My research on the physiology and pathology of cancer-associated wasting of skeletal muscle spans more than 30 years. Key invited reviews and commentary (i.e. Annual Rev Med 2010, Nature Reviews Clin Oncol 2013; 10(2):90-9; J Clinical Oncol 2013; 31(10):1257-8) outline my understanding of the pathophysiology of cachexia and muscle wasting. I was the senior author of the international consensus framework for definition of cancer cachexia (Lancet Oncology 2011; 12:489-95).

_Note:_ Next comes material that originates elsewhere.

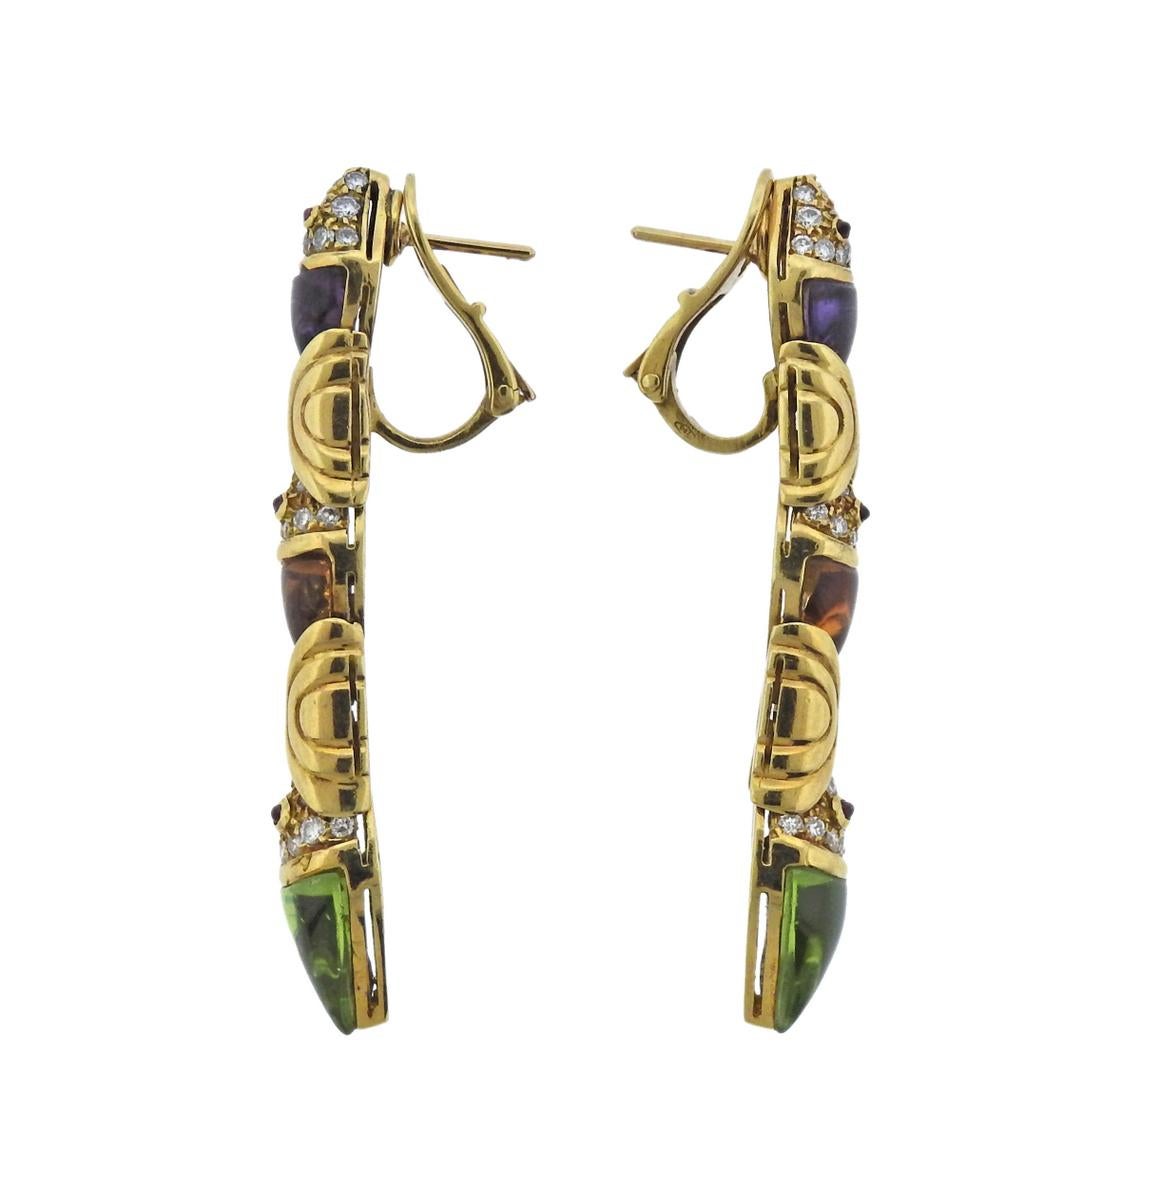 Pair of 18k yellow gold drop earrings, crafted by Bvlgari, decorated with citrine, amethyst and peridot gemstone, adorned with approx. 0.80ctw in G/VS diamonds. Earrings are 50mm x 10mm and weigh 23.2 grams. Marked Bvlgari, 750, BA9507.

I have made numerous contributions to the understanding of the mechanisms of cancer-associated cachexia and muscle wasting using standardized animal models. One area of research is the role of cytokines on protein metabolism in skeletal muscle (Baracos, VE et al. 1983, New England J. Med. 508:553-558). Inflammation-dependant muscle wasting (i.e. Mackenzie ML et al. Am J Physiol 2005, 289:E 527-E533; Braun T et al. 2011 J Exptl. Med.208:2449-63) is an important link in the central and peripheral control of muscle wasting in infection, cancer and injury. The role of specific degradative system(s) in different instances of muscle wasting included the identification of a cytokine-induced catabolic pathway (Kwak et al. 2004; Cancer Res. 64:8193-8). A potential therapy, selumetinib, is a MEK kinase inhibitor causing strong systemic suppression of interleukin 6 in patients with cholangiocarcinoma, and this agent caused a rapid muscle anabolism in 80% of treated individuals (Prado et al. Br J Cancer 2012 106(10):1583-6)
My clinical research is focused on the underlying causes of muscle wasting in cancer patients: the role of tumor progression (Lieffers JR, et al. Am J Clin Nutr. 2009; 89:1173-9), of specific drugs used in cancer therapy such as sorafenib (Antoun S et al. J Clin Oncol, 2010; 28:1054-60) and of a putative muscle proteolysis-inducing factor (Wieland BM et al Clin Cancer Res. 2007; 13: 4984-92). A significant zone of current research activity concerns measurement of cancer-related muscle wasting using computed tomography. We established crucial capacity to exploit CT images taken for cancer diagnosis and follow-up, to extract data on skeletal muscle loss. Severe muscle depletion (sarcopenia) is independently prognostic for overall survival (Prado CM et al. Lancet Oncol. 2008; 9:629-35; Martin et al. J Clin Oncol 2013, 31(12):1539-47). Furthermore, sarcopenic cancer patients are susceptible to excess toxicity during chemotherapy treatment (Prado CM et al Clin Cancer Res. 2007; 13(11):3264-8 and 2009:15:2920-6), necessitating dose reductions or treatment delays that ultimately may reduce the efficacy of their treatment.
I am PI of a major organized effort to develop clinical cachexia research (Cachexia-Network) to provide synergy in (i) knowledge generation (ii) knowledge synthesis across the larger body of research findings, (iii) dissemination of findings to specific target groups, (iv) engagement strategies to relevant clinical practice communities and scientific communities and (v) training a new cadre of researchers.